One side effect of my interactive journalism degree was the ability to create, design and code websites. In fact, without the ability to do web consulting on the side, I might not be able to afford my journalism job. But, even in my programming classes, we still dealt specifically with content-based websites – how to build an audience, not for a brand, but for a site that is constantly updated, whether it is blog posts, articles from a local newspaper or video content.
When I help small businesses promote their brand through websites, I always push offering a blog on their site. TruHarmony Yoga allows students to write blog posts about their yoga experiences, which is a great way for clients to be engaged with the brand. When TruHarmony did a Groupon deal, I had the owner shoot a brief video with her iPhone, so when Chicagoans went to her site for the first time, they could get a genuine inside look at what they were about to buy.

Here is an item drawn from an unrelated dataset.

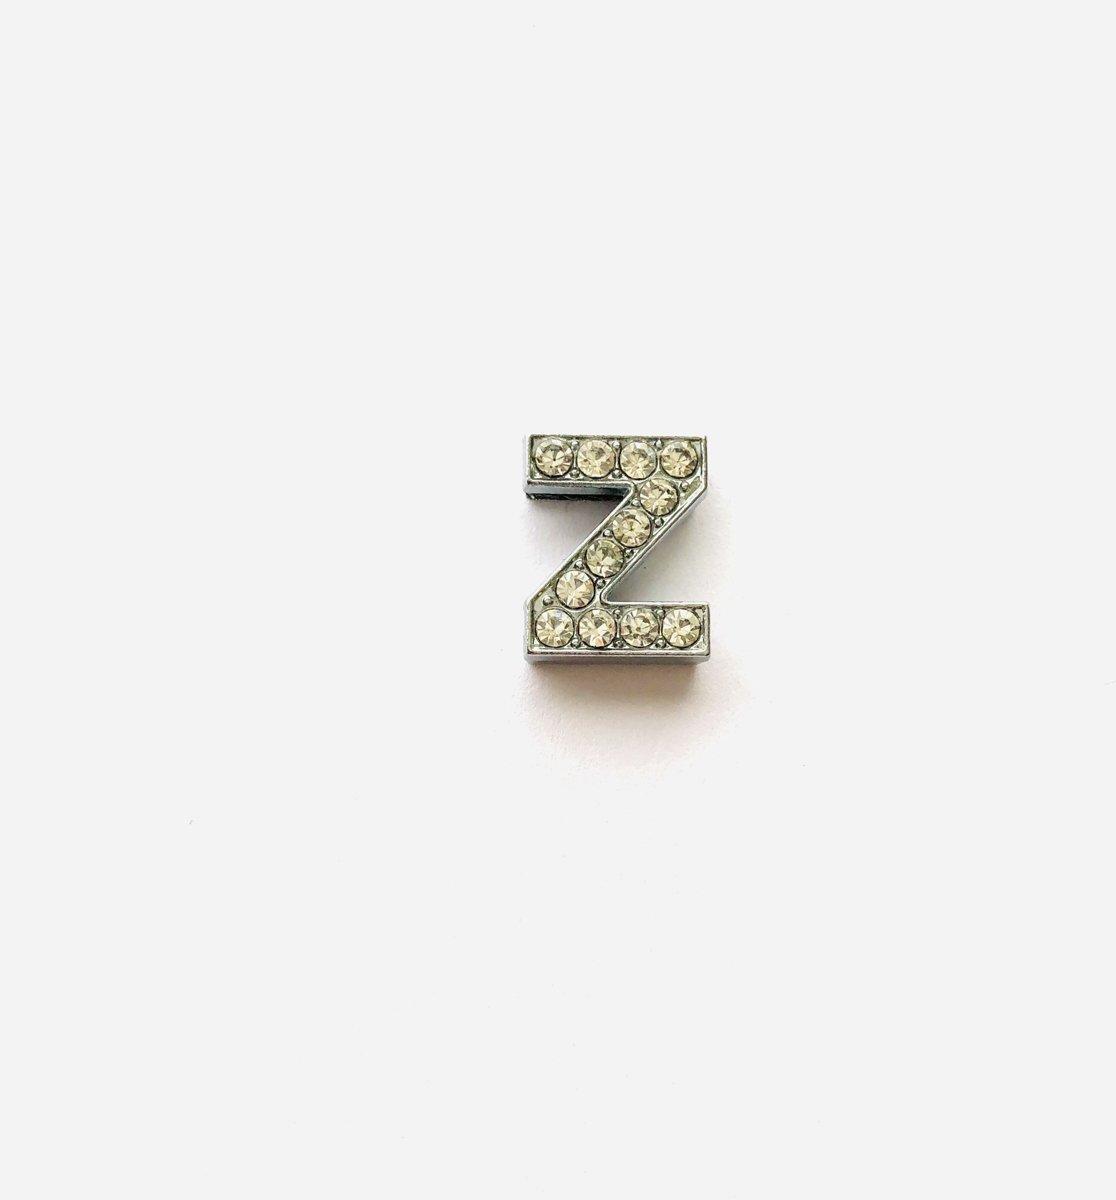 Metalen letter met zirkonia steentjes - Letter Z - Personaliseer zelf kopen
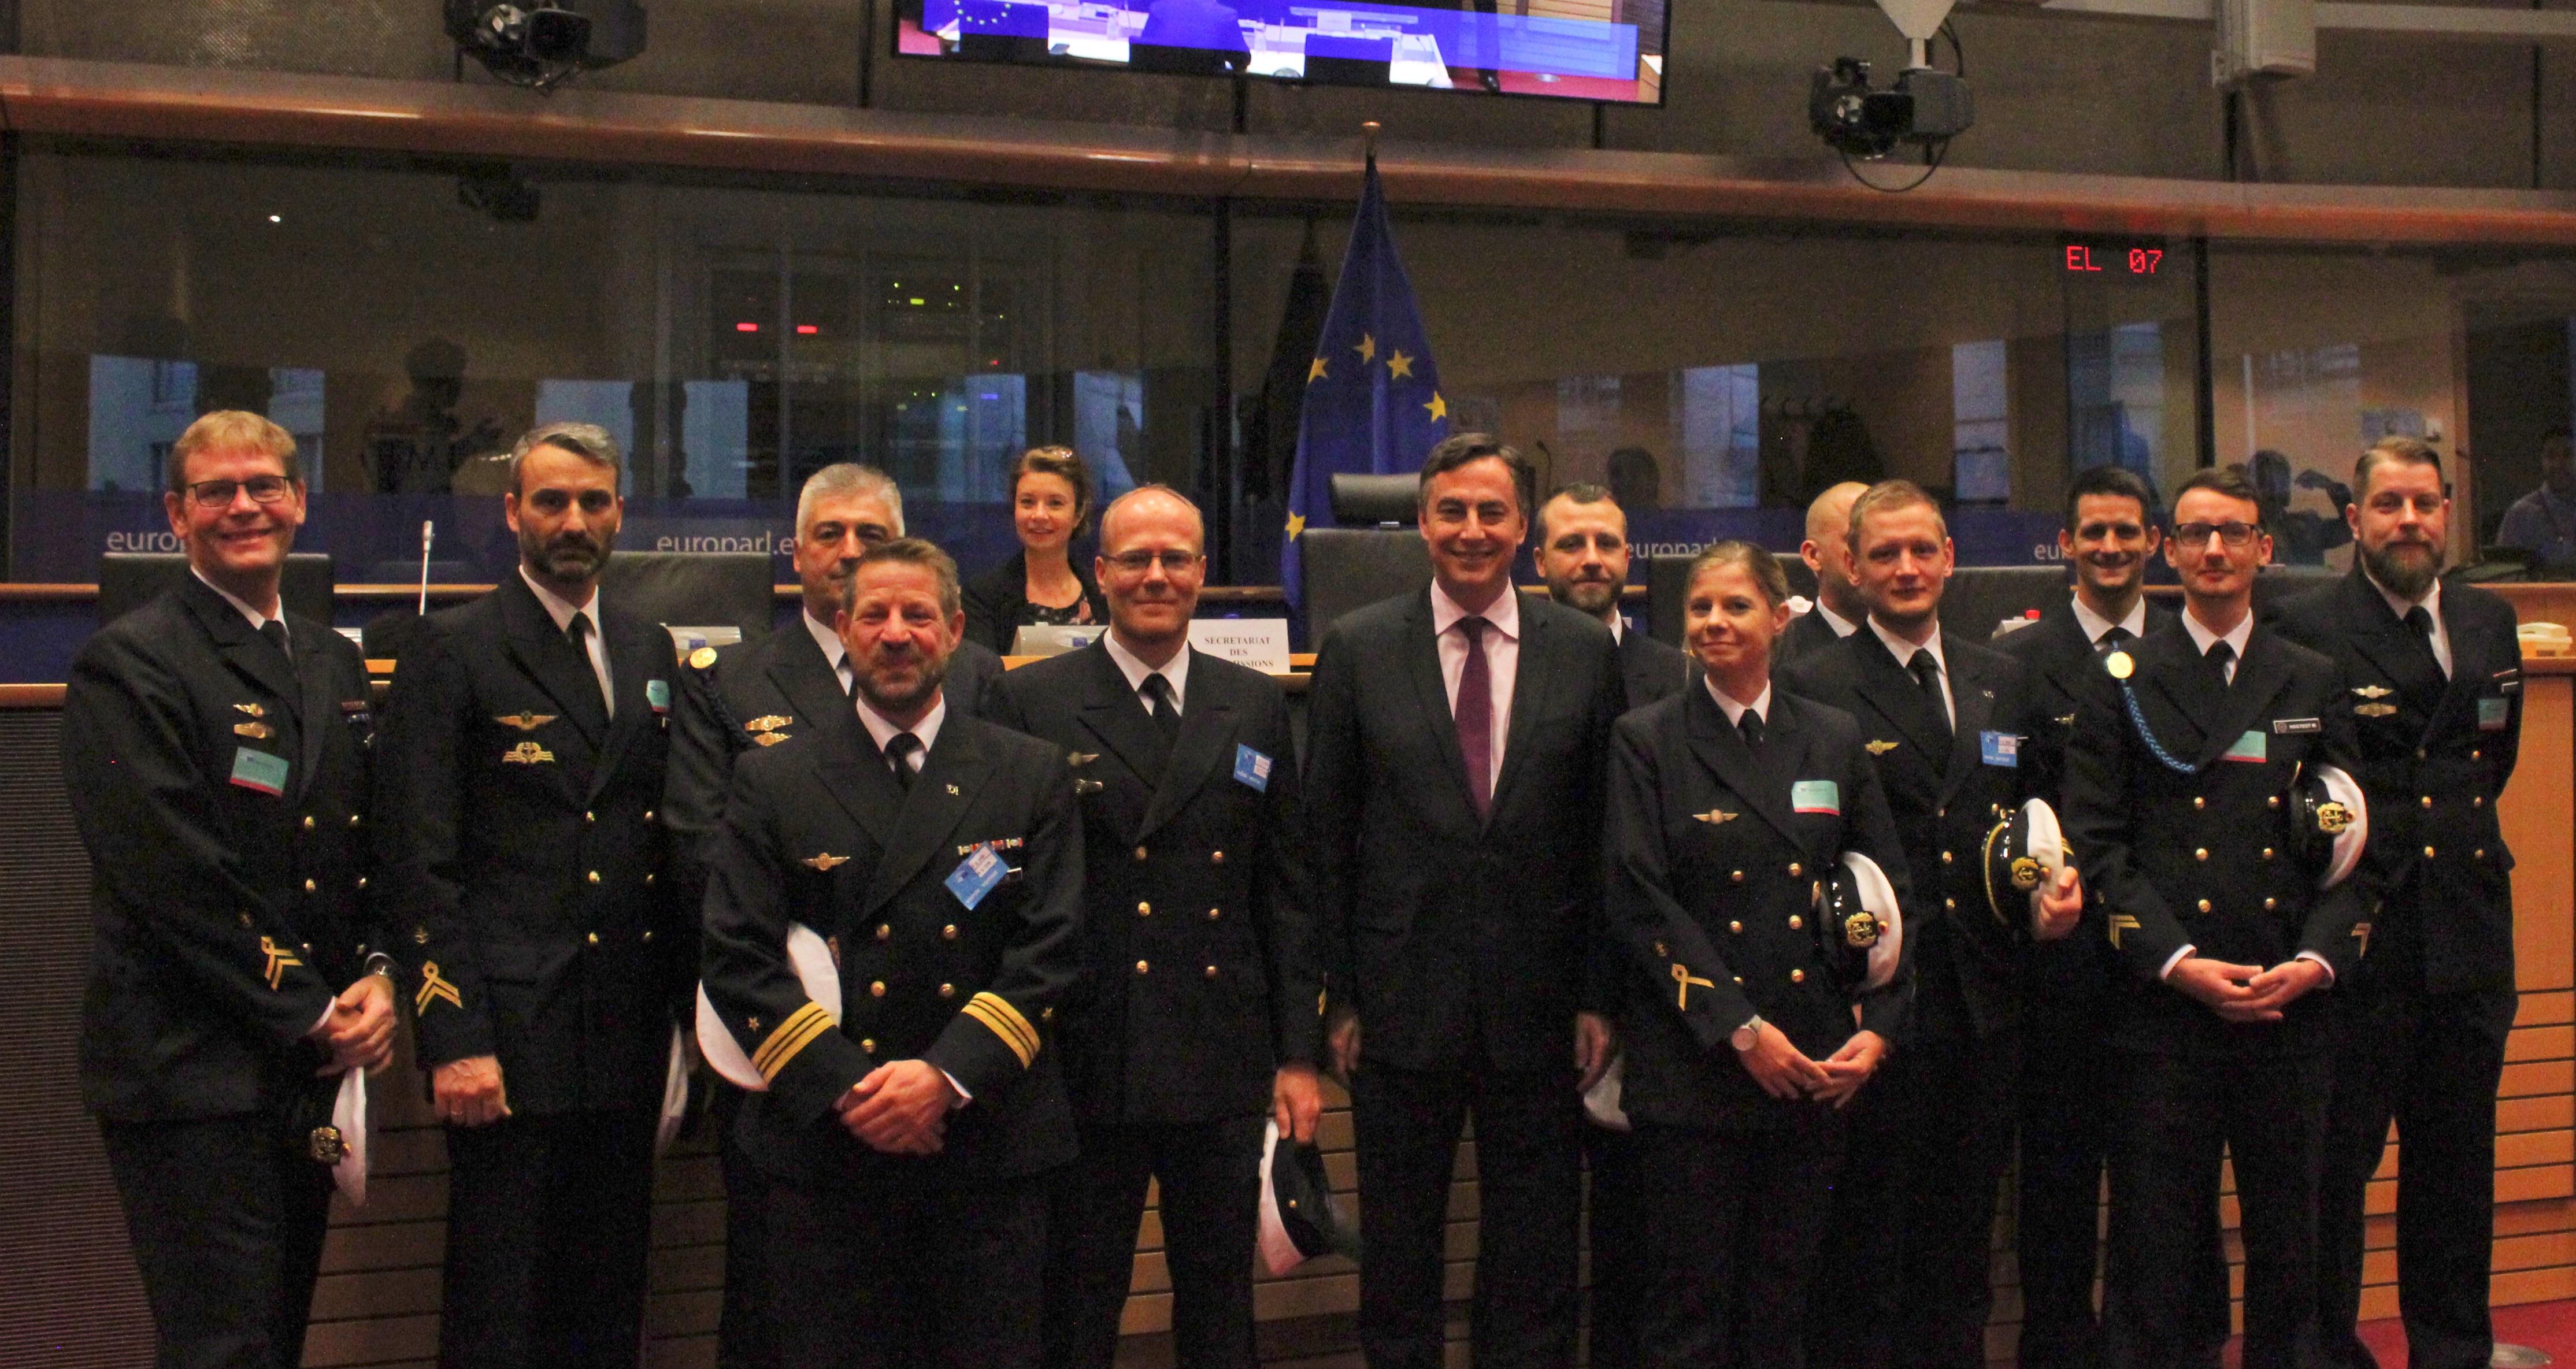 Presseinformation, 07.12.2018: Nordholzer Marineflieger mit Beifall im Europäischen Parlament begrüßt

Today, I was thrilled to read this:
“Apparel and accessories brand Kate Spade has launched a new version of its flagship website that underscores just how important content has become to the brand." – Mashable by Lauren Indvik
What does this mean to me? My studies in how to manage a content website, rather than just a website, are now more valuable than ever – and will gain value. It’s not enough for consumers to see a shirt at the store and think it looks nice. It’s not enough to see a commercial and maybe remember the brand name. Consumers need constant reminders – it’s not enough to be aware of the brand.
We live in an age of instant gratification, and I think studies will show that consumers are more likely to buy if they came into contact with a brand in the past 24 hours.
Continuous content is necessary. And, the journalists among us can lead the way with training brands how to build a company message and send it through the various mediums, including video, text, audio and more.